Celiac for liver, stomach, spleen, pancreas, upper duodenum. Sup. mesenteric for lower duodenum, jejunum, ileum, colon to splenic flexure. Inf. mesenteric for colon from splenic flexure to rectus. Internal iliac for lower rectum to anal canal (above pectinate), bladder, vaginal, prostate.

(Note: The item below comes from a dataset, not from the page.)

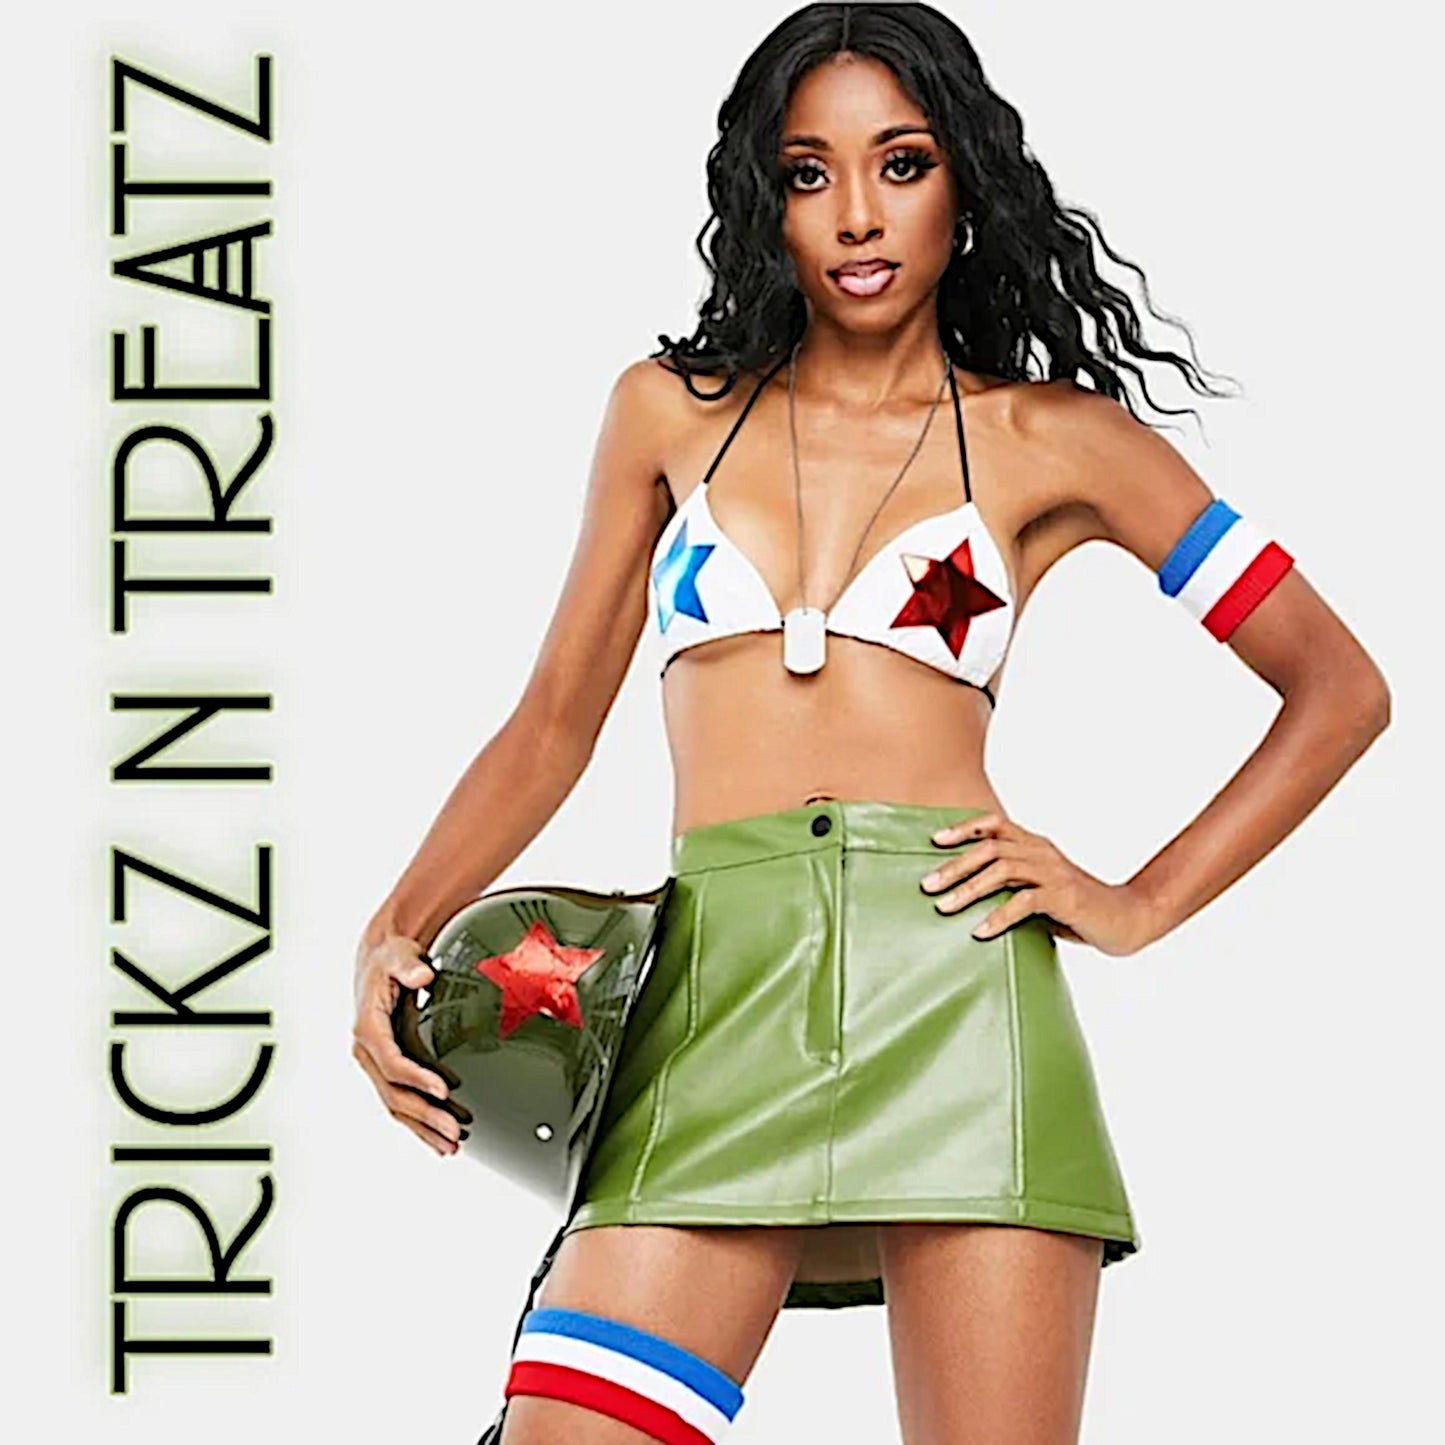 Tank Girl Costume | Faux Leather Star Top Arm & Leg Bands Dog Tags & Hard Hat - Trickz N Treatz - Costumes

Spleen dysfunction pathogenesis
Decreased IgM -> decreased complement activation -> decreased C3b opsonization -> inc. susceptibility to encapsulated organisms (SHiNE SKiS).
MHC I and MHC II bind to what receptors?
Tee Receiving Option #1 AND 2 = OCHO-CUATRO. 1 binds to TCR and CD8+. II binds to TCR and CD4+.
MHC I subtypes associated with disease?
HLA B27 = Seronegatives (Psoriatic arthritis, Ankylosing spondylitis, IBD, Reactive arthritis). HLA A3 - hemochromatosis.
MHC II subtypes?
DQ2/DQ8 - No Dairy Queen for Celiacs. DR4 = RA, DMI.